Experts are starting to think about how they might incorporate space debris into their air safety processes. The German space situational awareness company Okapi Orbits, for example, in cooperation with the German Aerospace Center and the European Organization for the Safety of Air Navigation (Eurocontrol), is exploring ways to adapt air traffic control systems so that pilots and air traffic controllers can receive timely and accurate alerts about space debris threats.

But predicting the path of space debris is challenging too. In recent years, advances in AI have helped improve predictions of space objects’ trajectories in the vacuum of space, potentially reducing the risk of orbital collisions. But so far, these algorithms can’t properly account for the effects of the gradually thickening atmosphere that space junk encounters during reentry. Radar and telescope observations can help, but the exact location of the impact becomes clear with only very short notice.

“Even with high-fidelity models, there’s so many variables at play that having a very accurate reentry location is difficult,” says Njord Eggen, a data analyst at Okapi Orbits. Space debris goes around the planet every hour and a half when in low Earth orbit, he notes, “so even if you have uncertainties on the order of 10 minutes, that’s going to have drastic consequences when it comes to the location where it could impact.”

For aviation companies, the problem is not just a potential strike, as catastrophic as that would be. To avoid accidents, authorities are likely to temporarily close the airspace in at-risk regions, which creates delays and costs money. Boley and his colleagues published a paper earlier this year estimating that busy aerospace regions such as northern Europe or the northeastern United States already have about a 26% yearly chance of experiencing at least one disruption due to the reentry of a major space debris item. By the time all planned constellations are fully deployed, aerospace closures due to space debris hazards may become nearly as common as those due to bad weather.

Because current reentry predictions are unreliable, many of these closures may end up being unnecessary.

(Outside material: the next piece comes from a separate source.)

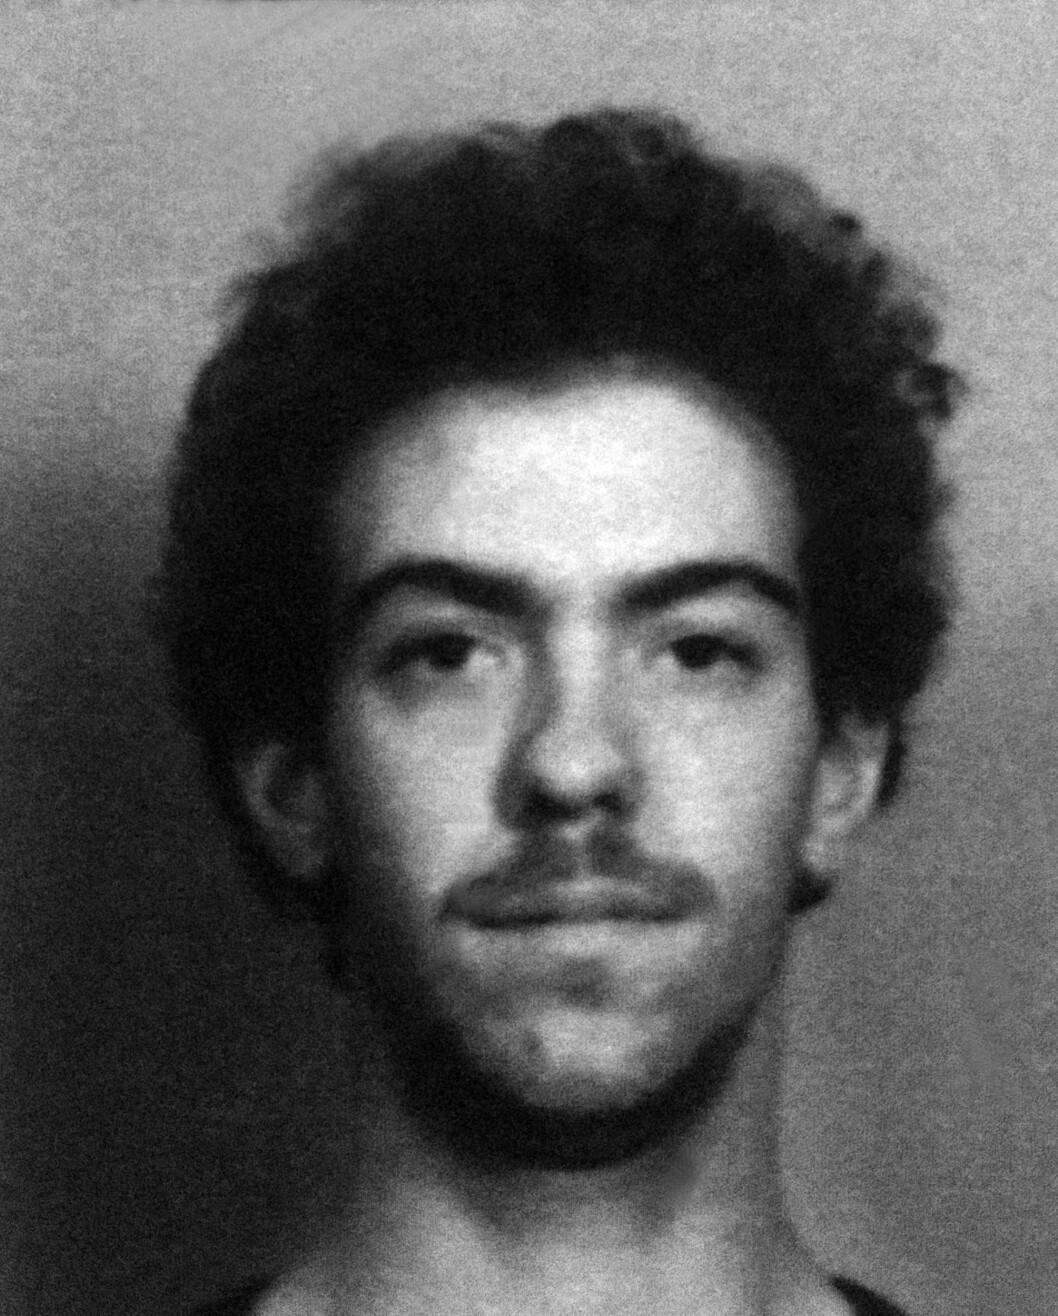 DET SISTE OFFERET: Joseph Bradehoft ble bare 25 år gammel. Han ble Dahmers siste offer, og ble drept 19. juli 1991. Foto: NTB Scanpix

For example, when a 21-metric-ton Chinese Long March mega-rocket was falling to Earth in 2022, predictions suggested its debris could scatter across Spain and parts of France. In the end, the rocket crashed into the Pacific Ocean. But the 30-minute closure of south European airspace delayed and diverted hundreds of flights. 

In the meantime, international regulators are urging satellite operators and launch providers to deorbit large satellites and rocket bodies in a controlled way, when possible, by carefully guiding them into remote parts of the ocean using residual fuel. 

The European Space Agency estimates that only about half the rocket bodies reentering the atmosphere do so in a controlled way. 

Moreover, around 2,300 old and no-longer-controllable rocket bodies still linger in orbit, slowly spiraling toward Earth with no mechanisms for operators to safely guide them into the ocean.

“There’s enough material up there that even if we change our practices, we will still have all those rocket bodies eventually reenter,” Boley says. “Although the probability of space debris hitting an aircraft is small, the probability that the debris will spread and fall over busy airspace is not small. That’s actually quite likely.”